In the two short years since Alexandros had donned the diadem, Parmenion had become the voice of experience, wisdom, and caution. Somehow, he’d acquired the thankless job of trying to contain Alexandros’s reckless élan, boundless enthusiasm, and preternatural self-confidence. They were both men of action but Alexandros was also a young man chasing his destiny while Parmenion was an old man trying to preserve his legacy.
“Will it leave a scar?” Alexandros asked Philippos, while glaring at Parmenion.
“No, sire, the scar will be invisible,” Philippos reassured him smoothly. “No one will know it’s there, beneath all that glorious hair.”
“It’s a shame you have to wear a helmet, Aniketos,[5]” Hephaistion joked.
Alexandros winked. “Next time we go into battle, I’ll let my hair announce me.”
“A helmet would do a better job of protecting that stubborn skull of yours,” Parmenion observed drily. The man just couldn’t help himself.
Alexandros, his effervescence unquenchable, looked over his shoulder toward me. “Hey, Ptolemaios, you’re always so damned rational. What do you think? Am I better off wearing my hair or my helmet into battle?”

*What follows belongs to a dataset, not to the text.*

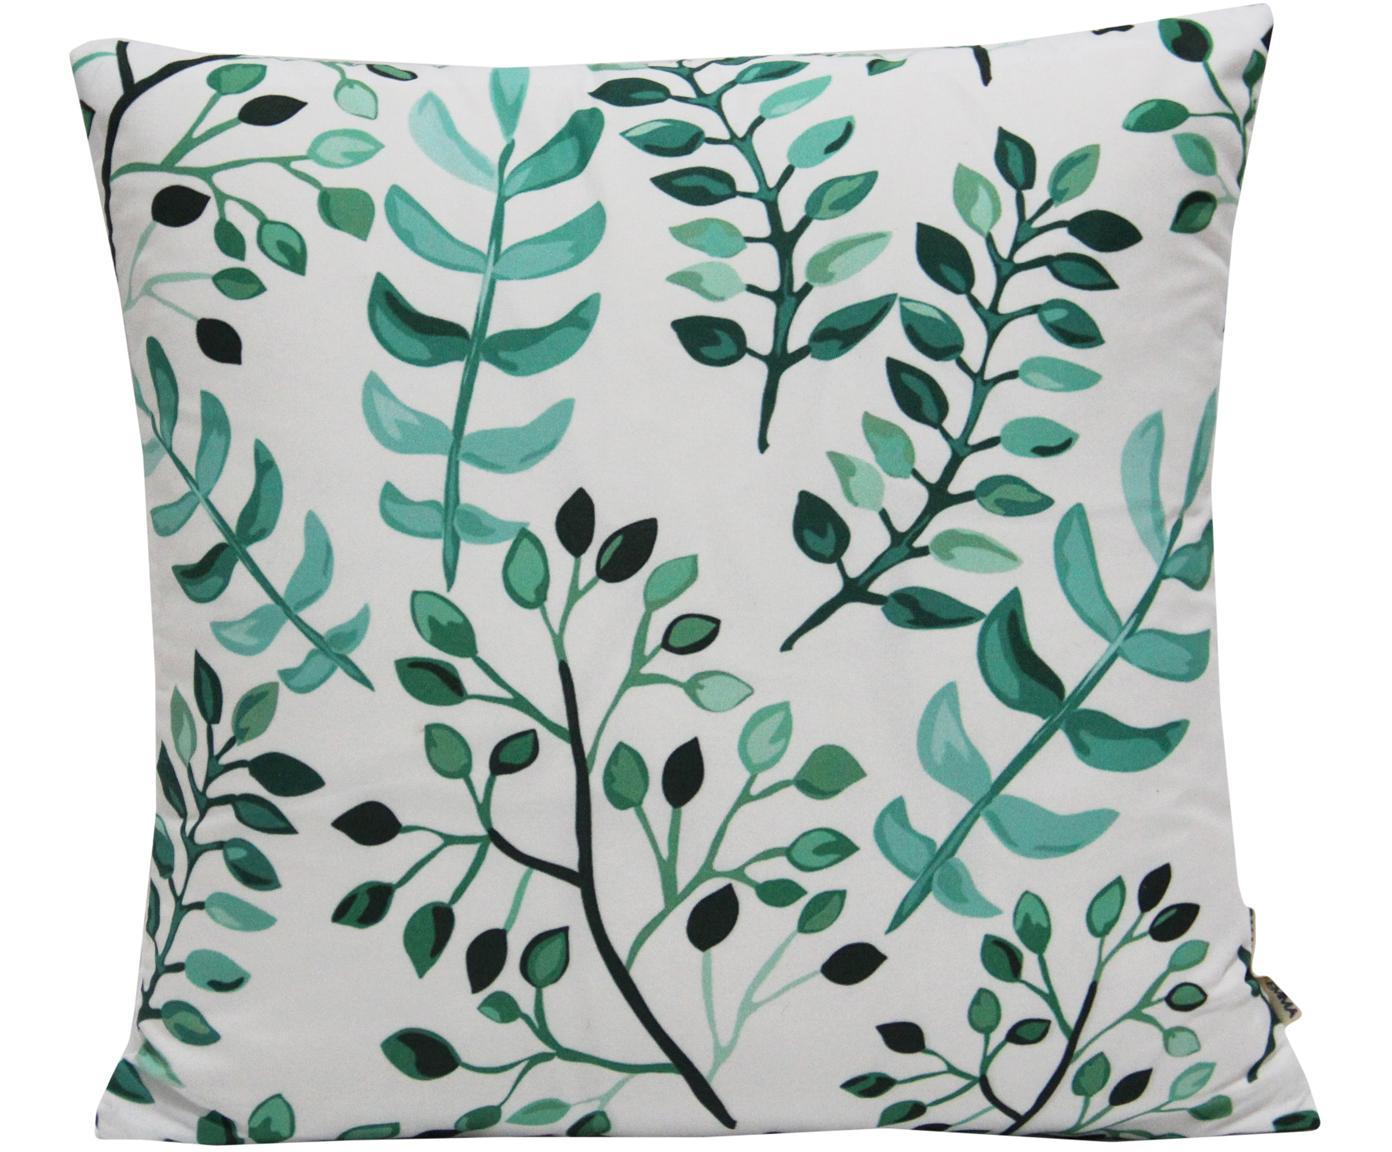 Kissenhülle Leaves mit Blattmuster, 100% Polyester, Weiss, Grüntöne, 40 x 40 cm

“Both, I think – with the hair tucked into the helmet.”
Everybody in the tent roared with laughter. In the aftermath of victory, every joke was a riot. Most of us – unlike Alexandros and Hephaistion – had not even drunk much wine yet but we were all excited, happy, elated. “We’re still here, alive, and the Persians are dead,” was the prevailing sentiment. “Can you believe it?”
“There he is!” Alexandros called out when Kleito
s Melas walked into the tent. I guess he’d heard my whisper after all. “The butcher of Granikos.”

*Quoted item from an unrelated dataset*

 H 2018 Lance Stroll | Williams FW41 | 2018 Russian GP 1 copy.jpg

Kleitos broke into a wide grin. “Hardly that, your majesty,” he said modestly, giving me a friendly nod when he noticed me standing behind the king.

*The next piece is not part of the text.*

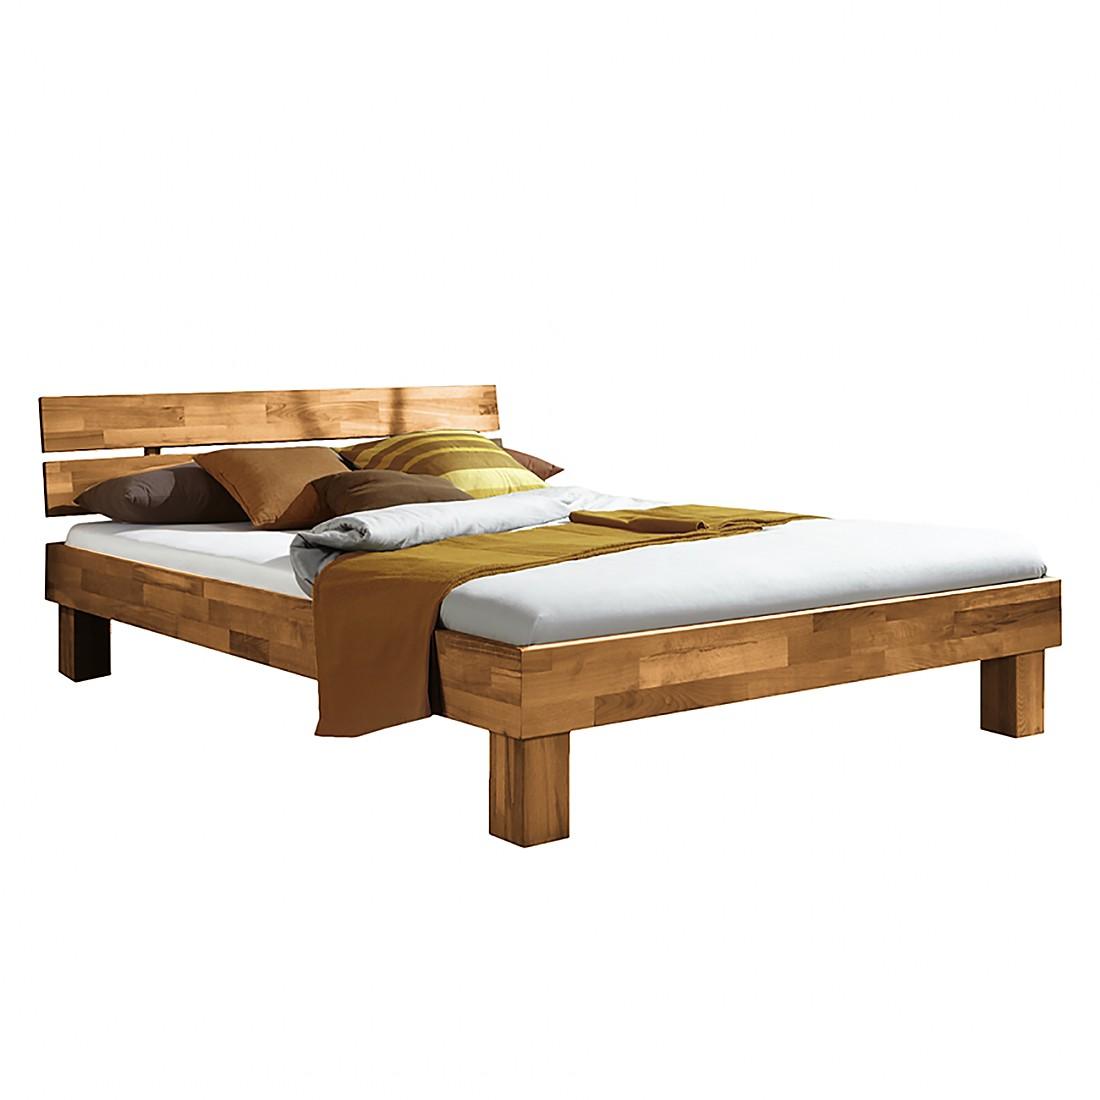 goedkoop Massief houten bed SonaWOOD geolied massief wild eikenhout 90 x 200cm Ars Natura

“Come have a drink with me, man.” Alexandros waved his arms for two cups of wine, which promptly materialized in his hands. “Tell me what happened.”
“It was nothing, sire. We all fought to keep up with you, which is not always an easy thing to do. You made a hell of a charge, sire. I was sure my horse was gonna drop dead trying to keep up with yours.”
“Yeah, Boukephalas was raring to go, wasn’t he?”
“Not as raring as you, Aniketos,” Hephaistion put in.
“By the time we caught up,” Kleitos continued, ignoring Hephaistion, “you were engulfed by the enemy. Mithridates’s unit, the best squadron in the Persian cavalry ...”
“Used to be,” Hephaistion interjected, to much hilarity, “they’re all dead now.”
Kleitos attempted to continue. “Mithridates’s unit was directly in front of you.”
“And I was thrilled to see them.” Alexandros’s comment provoked fresh gales of laughter.
“I’m sure you were,” Kleitos agreed with a broad smile, “but the rest of us were still trying to catch our breaths. Besides, other satraps, with their units, were closing in on us from all sides. I’d never seen anything like it.”
“It was the perfect trap,” Parmenion observed, genuine admiration in his voice. “They isolated you, sire, with but a small unit around you; cut you off; surrounded you with their best heavy cavalry, led by their top commanders; and prepared to destroy you and your squadron in detail.”
“It was great, Parmenion – fantastic!” Alexandros was buoyant. “The perfect trap, as you say. I had them exactly where I wanted them. The cream of Persian nobility, outfitted in their heavy Persian armor, sitting on their weighted-down horses, just waiting for us to mow them down.”